Tushar Krishna is an Associate Professor in the School of Electrical and Computer Engineering at Georgia Tech. He also serves as an Associate Director for Georgia Tech’s Center for Research into Novel Computing Hierarchies (CRNCH). He has a Ph.D. in Electrical Engineering and Computer Science from MIT (2014). Before joining Georgia Tech in 2015, Dr. Krishna spent a year as a researcher at the VSSAD group at Intel, Massachusetts. Dr. Krishna’s research spans computer architecture, interconnection networks, networks-on-chip (NoC), and deep learning accelerators – with a focus on optimizing data movement in modern computing systems. His research group has developed and maintains several open-source simulation tools for studying single and multi-node systems for AI inference and training. He was inducted into the HPCA Hall of Fame in 2022. He served as the vice program chair for ISCA 2023.
Michael Pellauer is a Senior Research Scientist at NVIDIA in the Architecture Research Group (2015-present). His research interest is building domain-specific accelerators, with a special emphasis on deep learning and sparse tensor algebra. Prior to NVIDIA, he was a member of the VSSAD group at Intel (2010-2015), where he performed research and advanced development on customized spatial accelerators. Dr. Pellauer holds a Ph.D. from the Massachusetts Institute of Technology in Cambridge, Massachusetts (2010), a Master’s from Chalmers University of Technology in Gothenburg, Sweden (2003), and a Bachelor’s from Brown University in Providence, Rhode Island (1999), with a double-major in Computer Science and English.

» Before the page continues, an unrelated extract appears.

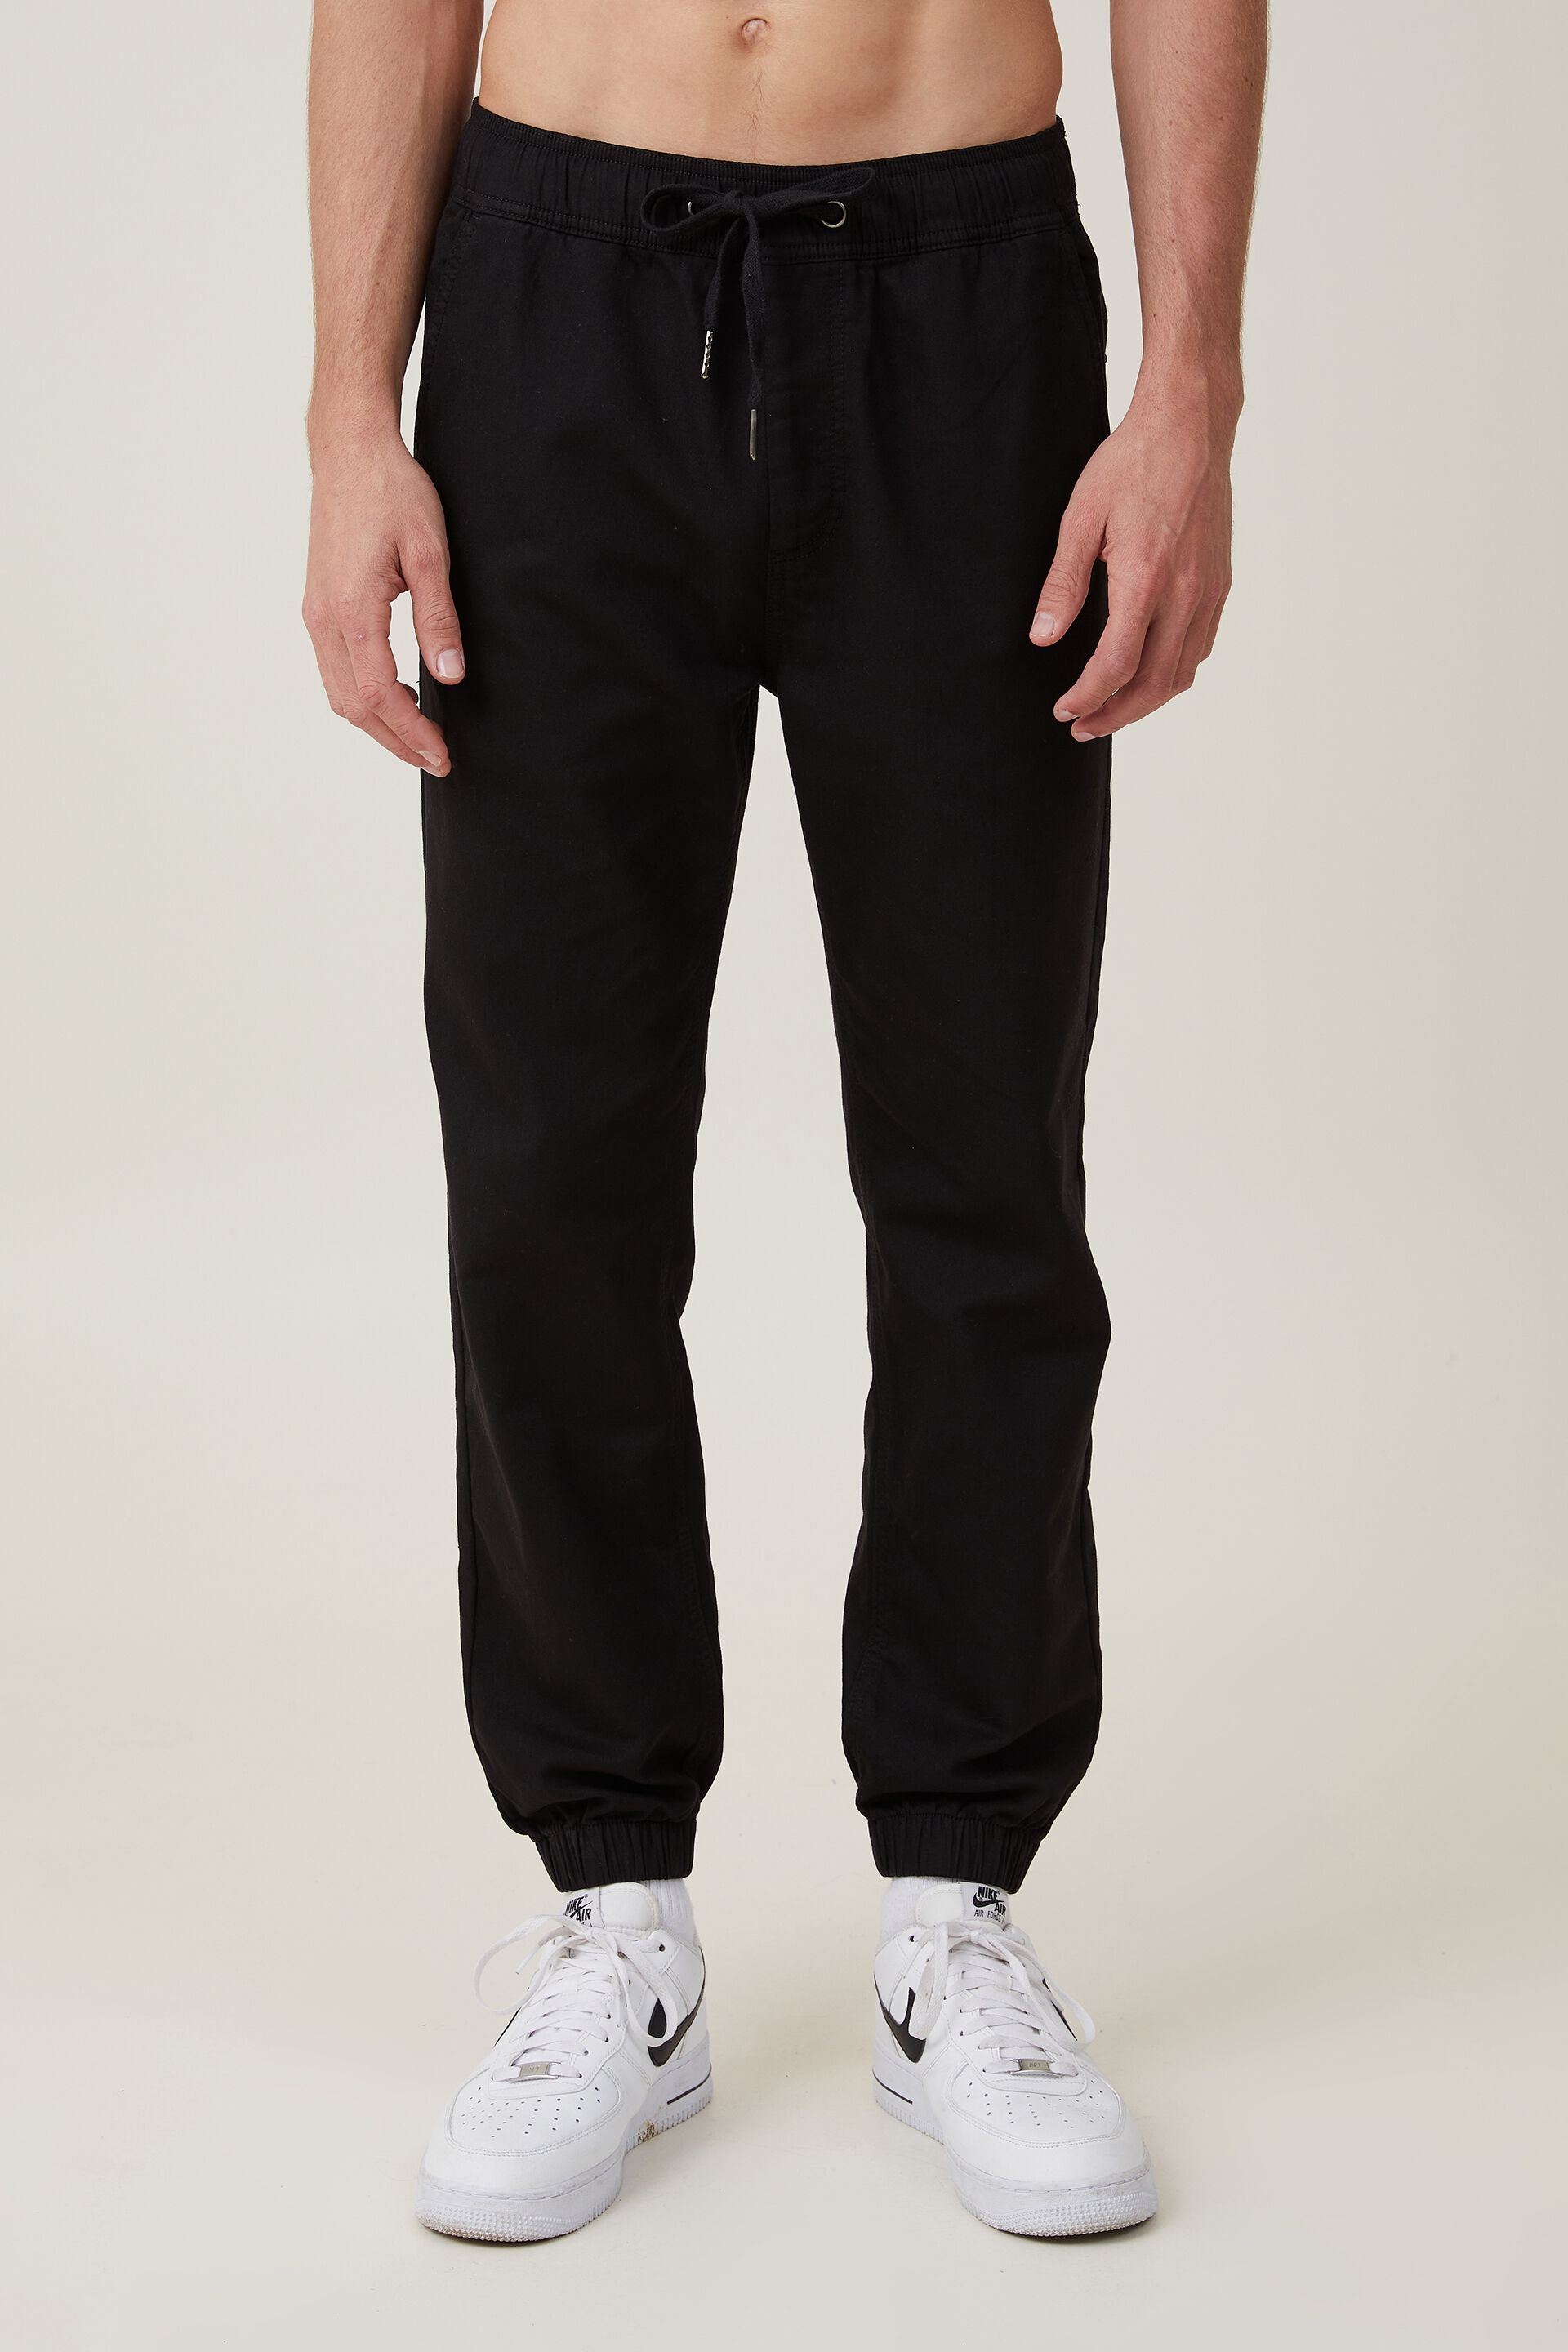 Uniqlo Men Easy Relaxed Jogger Pants, Men's Fashion, Bottoms, Joggers on  Carousell

Dr. Angshuman Parashar is a Senior Research Scientist at NVIDIA. His research interests are in building, evaluating and programming spatial and data-parallel architectures, with a present focus on automated mapping of machine learning algorithms onto tensor-algebra accelerators. Prior to NVIDIA, he was a member of the VSSAD group at Intel, where he worked with a small team of experts in architecture, languages, workloads and implementation to design a new spatial architecture. Dr. Parashar received his Ph.D. in Computer Science and Engineering from the Pennsylvania State University in 2007, and his B.Tech. in Computer Science and Engineering from the Indian Institute of Technology, Delhi in 2002.
Felix Kao is a software engineer in Waymo. Most of his research lies in Deep Learning Accelerators, Design Space Exploration, and Machine Learning. He is passionate about using his knowledge to develop new and innovative ways to accelerate deep learning workloads.